El empate determinaba tiempos extras y sin duda nos aventajaban en condición
física. Mis compañeros ya estaban derretidos por el cansancio. Ellos habían
dejado al zaguero y al guardameta en el fondo, y me salió de inmediato un
enemigo al que eludí con un autopase largo, ya con mi última reserva de energía.
De reojo vi que su lateral, un enano velocísimo, comenzó la carrera para
alcanzarme desde el otro lado de la cancha. Avancé diez metros y con una mirada
inmediata hacia atrás noté que nadie, ninguno de los míos, me acompañaba. La
jugada se abría pues para mí solo, sin remedio. El defensa corrió unos cinco
metros hacia atrás y abrió los brazos para cuidar el quiebre por alguno de sus flancos.

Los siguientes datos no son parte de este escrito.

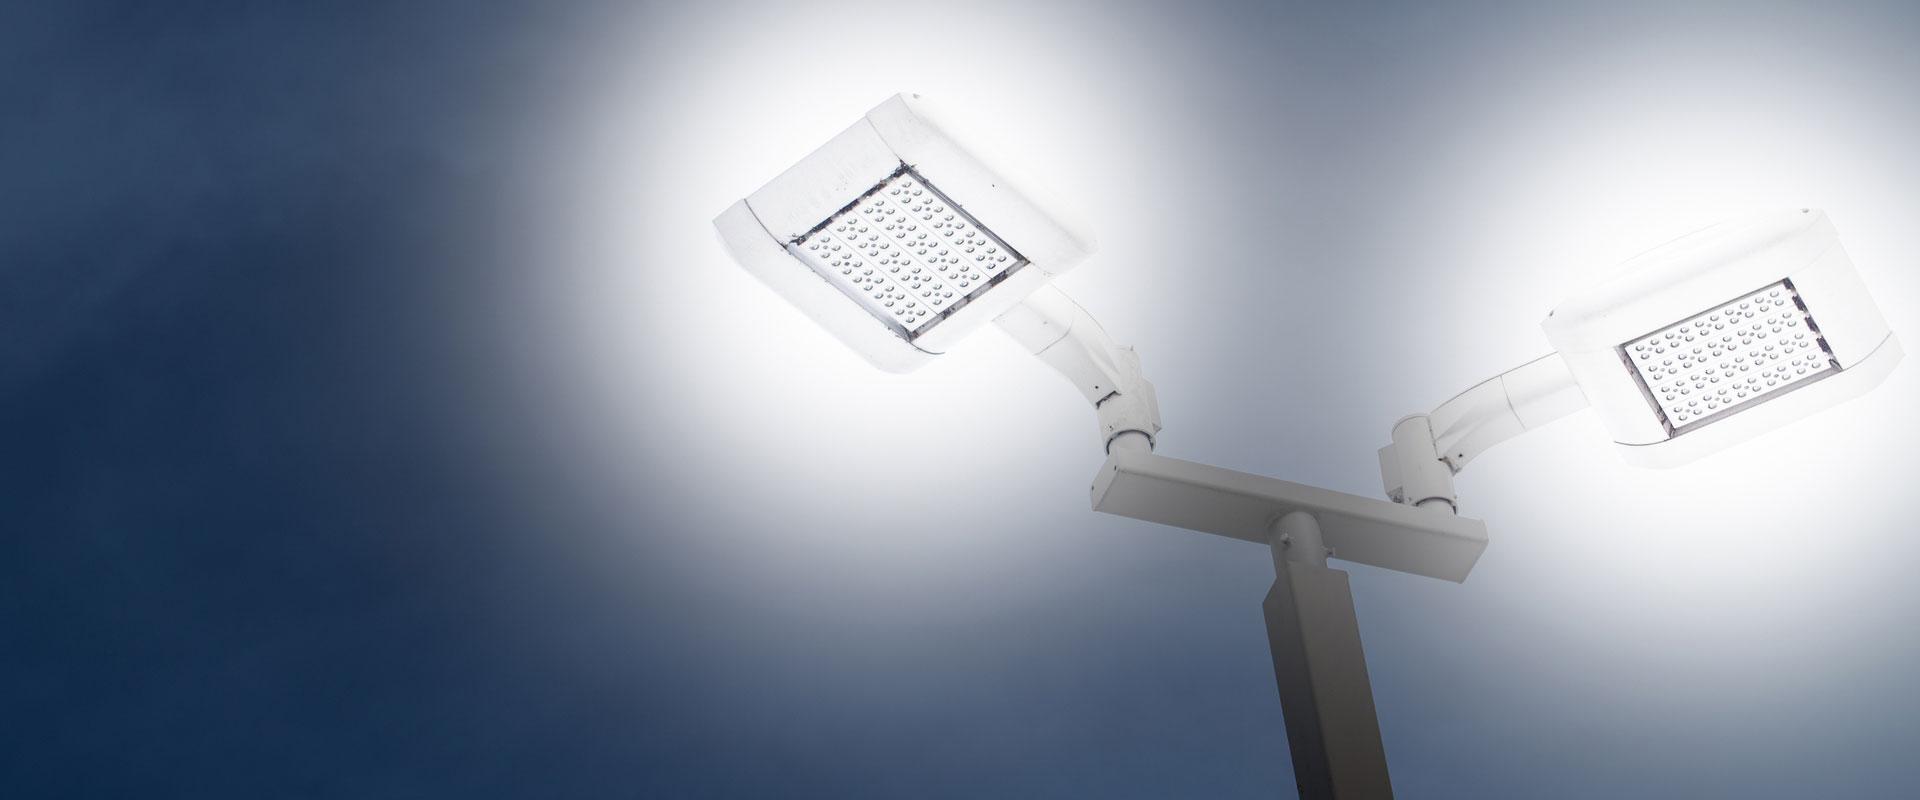 Commercial Lighting Commercial Lighting & Commercial Lighting Fastener Solutions | STANLEY Engineered Fastening

Indeciso llegué casi hasta él y sólo por intuición le piqué corto el balón
hacia la izquierda. Cometió entonces un error de central primerizo: me dio la
espalda para alcanzarme por el lado hacia donde empujé el balón. Como mi trazo
fue cortito viré hacia la derecha. El defensor, perdido ya, iba corriendo en mi
dirección, de espaldas al balón y sin saber por qué punto me escurriría. Al
verme de reojo le tiré de nuevo el balón hacia su lado ciego y ahí quedó, el
pobre, hecho nudo con su propio cuerpo. Creí que el portero sería más fácil
cuando lo vi venir encarrerado a cerrar el ángulo. Para tomarlo a contramarcha
adelanté como siete metros el balón por su derecha. Pensé que yo iba pasar
limpio, pero como estábamos afuera de su área grande todavía alcanzó a echarme el
cuerpo encima para tratar de derribarme. Trastabillé, temí que el árbitro
pitara tiro libre y expulsión, pero supongo que le pareció clara la ley de la
ventaja. Toqué el césped con las dos manos, sin caer. Al recuperar mi vertical
vi que el balón se adelantó hacia la línea de meta. Sentí que podía alcanzarlo,
pegué el último sprint y llegué a tiempo para patear al arco en diagonal. No sé
de dónde, sin embargo, salió el enano lateral para obstruir el primer palo. Por
intuición, sólo por intuición, porque el futbol es así, corté hacia dentro y el
enano se estrelló en el poste. Entonces quedé solo a medio metro del arco.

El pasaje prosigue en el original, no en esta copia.